やがて時間になってお客様が集まりだした。と言っても6人ほどらしく、小さなお茶会だ。エルネッド様は自分大好きで他の貴族とはそれほど交流していないらしい。

それでも向こうから絡んで来る人はいる。

今日は全ての貴族当主夫人に敵愾心を抱くブロデウウェッド公爵婦人とその取り巻きの方々。確かに綺麗な人ばかり。4人が女性で2人が男性。

すごーい!
みんな見てるだけで幸せになれる。

「本日はお招きありがとう存じます。ご機嫌いかが?」
「ようこそおいで下さいました。ブロデウウェッド公爵婦人におかれましてはご健勝の事とお見受けいたします。おかげさまで息子も良き伴侶を迎え、幸せに過ごしております。スイ、こちらブロデウウェッド公爵婦人です。ご挨拶なさい」
「は、はじめまして! ぼくは……えっと、ブリアンの伴侶となりました、召喚術師のスイです。どうぞ仲良くして下さい!」

教えられた礼儀作法なんて緊張ですっ飛んでしまい、なんか普通の挨拶をしてしまった。怒られるかなぁ?

「まぁ、可愛らしい方ね。うちの息子の伴侶と仲良くして下さるかしら?」
「はい! 喜んで!!」

優しい人で良かった! 

それからは何を、誰と話したのか覚えていない。お義母様は公爵夫人とお喋り、ぼくとブリアンは他の人達とお喋りしていた。

召喚術師が珍しいらしく色々聞かれたし、全員、マンドラゴラに並々ならぬ興味を持っていて少し怖かった。ブリアンに止められてなかったらうっかりたくさん持ってるよー、って言ってしまっていただろう。

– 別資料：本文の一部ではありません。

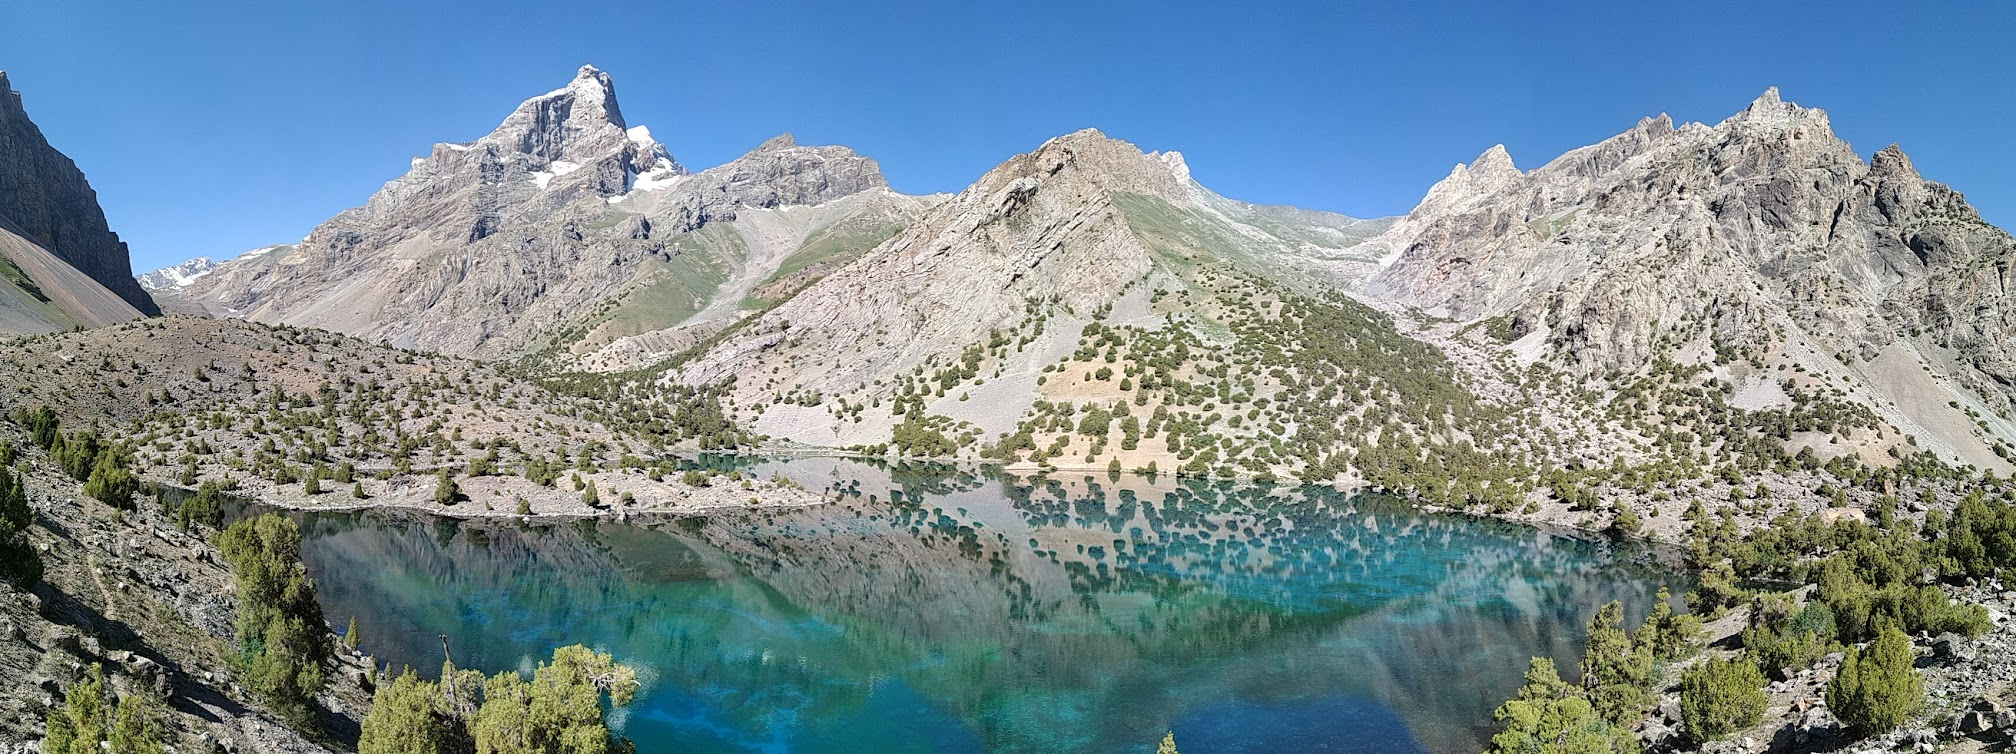 Fann mountains - Kulikalon lakes, part 1 - Jul 19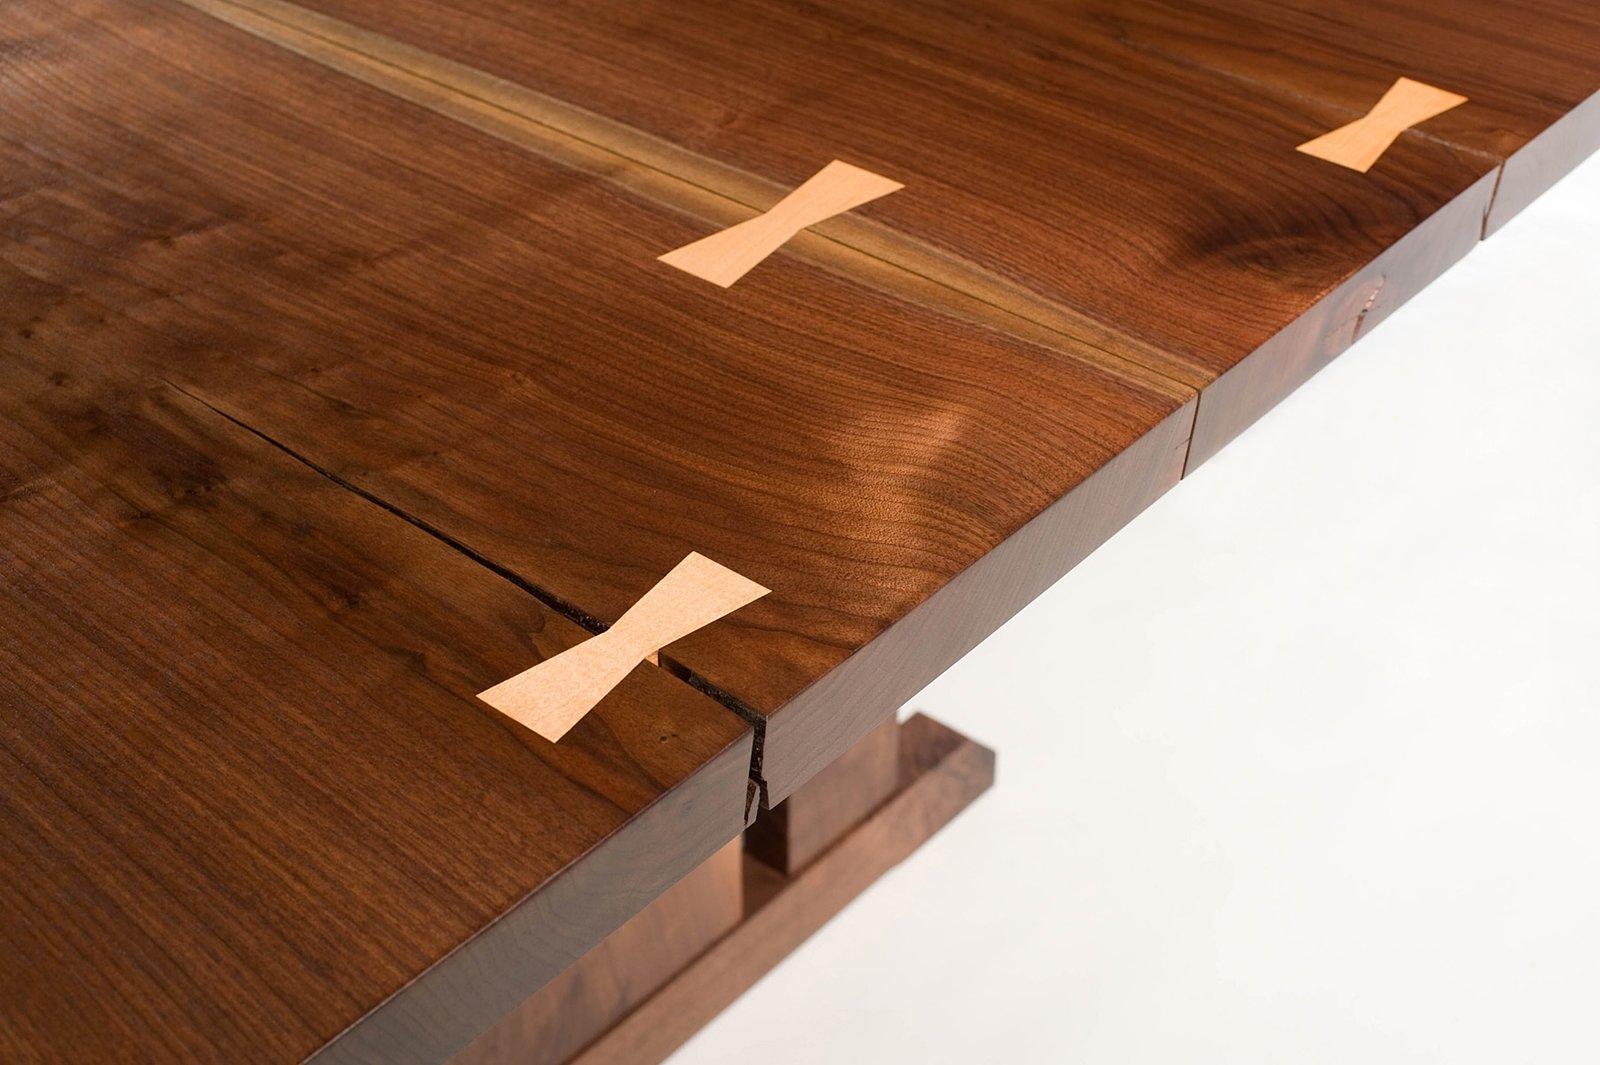 Maple dovetail keys  Tables by Joe Breznick

お義母様には言っちゃったけど、独り占めしたがるだろうから大丈夫。



*********************



「きれいな人たちばっかりだったねー」
「一番は!?」
「ブリアン!!」
「そこはお義母様って言うところでしょ!!」

あ、そうか。
つい本音が出てしまった。

「お義母様きれい!!」
「遅い!」

お母様って楽しい人だなぁ。

「スイ、帰りましょう」
「ブリアン、どうしたの?」
「私はどうもあの様な顔立ちが好みではなくて…… とても疲れました。早く帰ってスイだけを見て癒されたいんです」

きれいな人たちを見て疲れるって不思議だけど、ぼくで癒せるならいくらでも!!

「お義母様、また来ますね」
「帰っちゃうの?」
「ブリアンを癒すのがぼくの願いですから」
「ブリアンのヘタレ! 親孝行しなさい!!」
「あなたは親らしいことなんて何一つしていないでしょう」
「……そうだっけ?」

覚えてないの?
思ったより面白い人だったけど、覚えてないなら仕方ないね。

「とにかく帰ります。りんちゃん!」

お茶会が終わって風の結界も解除されて居るのですぐに来てくれた。

「なんでコレ自慢させてくれなかったのーーーー!?」
「りんちゃんは“コレ”じゃありません!」
「母上、失礼にも程があります。神聖獣の麒麟ですよ?」
「げ…… ご、ごめん!! きれいで珍しかったから、つい、ね? 暴れない?」

ビクビクするお義母様を無視してぼくたちを背中に乗せるりんちゃん。
怒ってはいないけど機嫌は悪そうだ。

屋敷に戻ったらいっぱい甘やかしてあげるからね!!

片付けをしている使用人の人達もりんちゃんに見惚れている。
話だけでも自慢にできるんじゃない?

ぼくたちは颯爽と王都を後にした。
ちなみにぼくたちの姿は来た時からみんなに目撃されていたので、あとで話題の中心になれたお義母様はりんちゃんをしつこく招待したがったけど、りんちゃんが嫌がるので断りました。